Single index.d.ts reused for both import and require Under node16, ESM consumers may see CJS-shaped types (or vice versa), causing "masquerading" errors. Emit .d.mts and .d.cts and reference each from its matching condition.
Only a top-level types field, no exports types condition Works under legacy node resolution but breaks under node16/bundler. Add types conditions to every entry in the exports map.
declarationMap: true without shipping src/ "Go to Definition" lands on a missing file; editor errors.
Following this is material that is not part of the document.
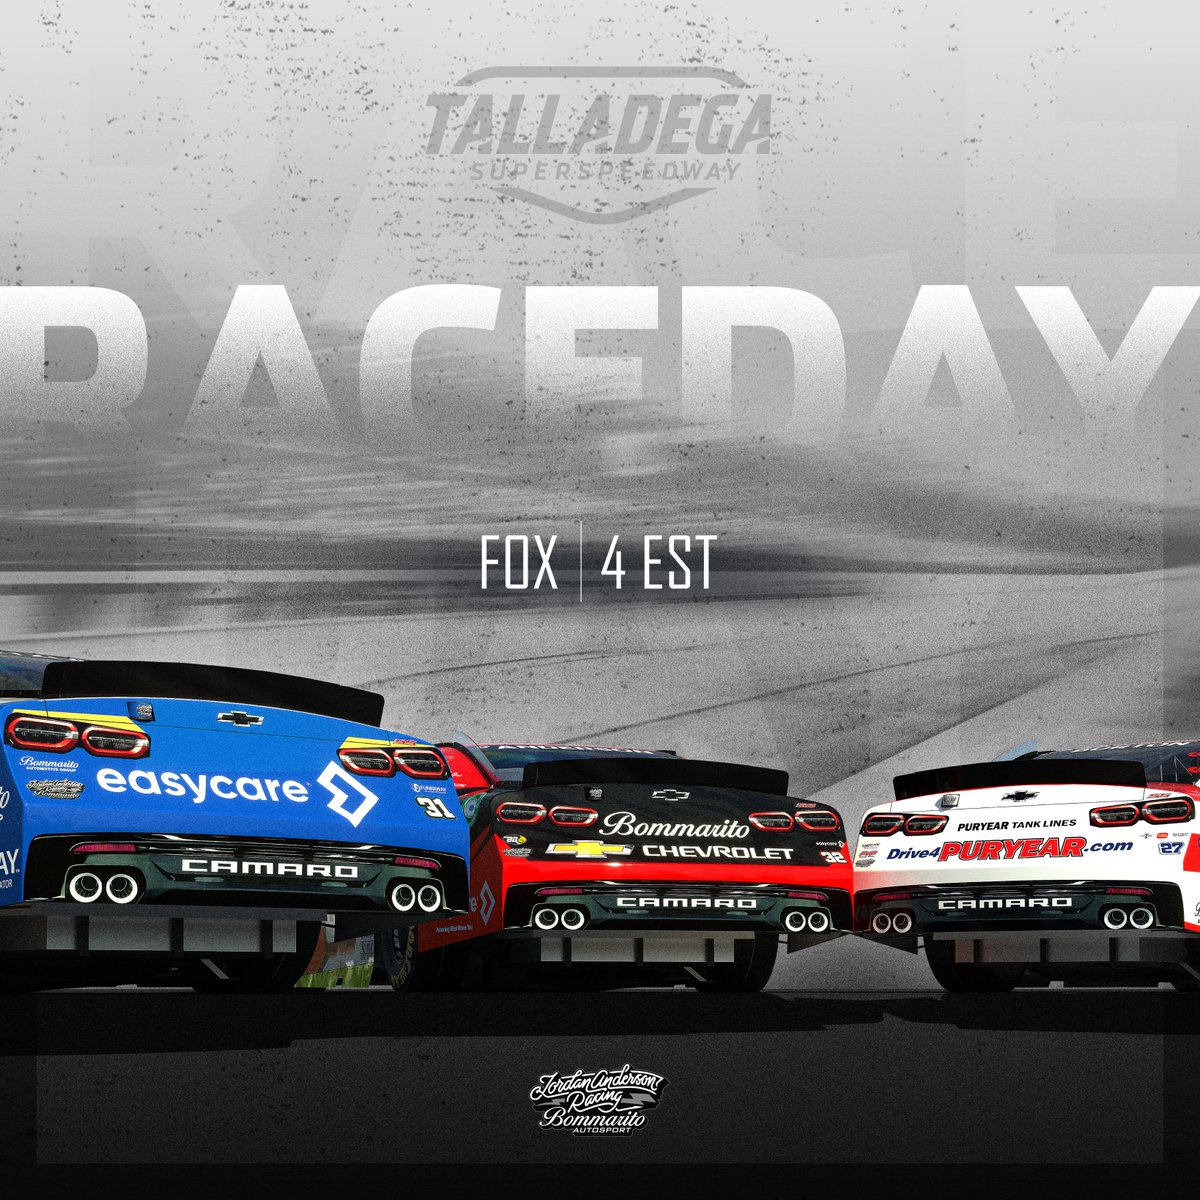 Get up it’s RACE DAY! We’re ready to take on Talladega this afternoon for 300 miles of high speed racing! @NASCARONFOX will have you covered at 4:00PM EST 📺 🏆 @EasyCareIsThere | @BommaritoAuto | @puryeartank @Parker79p | @j66anderson | @JebBurtonRacing

Include src/** in files, or drop declarationMap from published builds.
Relative imports in published .d.ts lack file extensions node16 consumers cannot resolve the internal module; type-check fails. Author source with explicit .js extensions, or bundle declarations so internals disappear.
Declarations never validated before publish Broken types reach the registry and every consumer at once. Run an "are the types wrong" check and a consumer smoke test in CI.

Frequently Asked Questions

Do I still need the top-level types field if I have exports types conditions? Yes. Resolvers running legacy moduleResolution: "node" ignore exports entirely and only read the top-level types field. Keep both so old and new consumers are covered.

Why does my package work at runtime but show "no types" in the editor? Runtime resolution and type resolution are separate passes. Your import/require/default conditions can point at valid JS while the types condition is missing, misordered, or points at a nonexistent file. Validate with an "are the types wrong" check to see exactly which mode fails.

Should I bundle my declarations or ship one file per module? Bundle them if you have internal modules you do not want to expose or if you ship many files. api-extractor and tsup's dts both roll the public surface into a single declaration and strip internals. Per-file output is fine for small packages with a clean public surface.

What is the difference between node16 and bundler for declarations? node16/nodenext mirrors Node.js resolution: it reads exports, enforces explicit extensions in relative imports, and distinguishes .d.mts from .d.cts. bundler reads the types condition but is lenient about extensions and does not split formats. Author for node16 and your types also work under bundler.

Can I publish only declarations from tsc while a bundler builds the JS? Yes — that is the recommended split. Run tsc --emitDeclarationOnly for types and let esbuild/swc/tsup transpile the runtime. It avoids two tools fighting over the same .js output and keeps builds fast.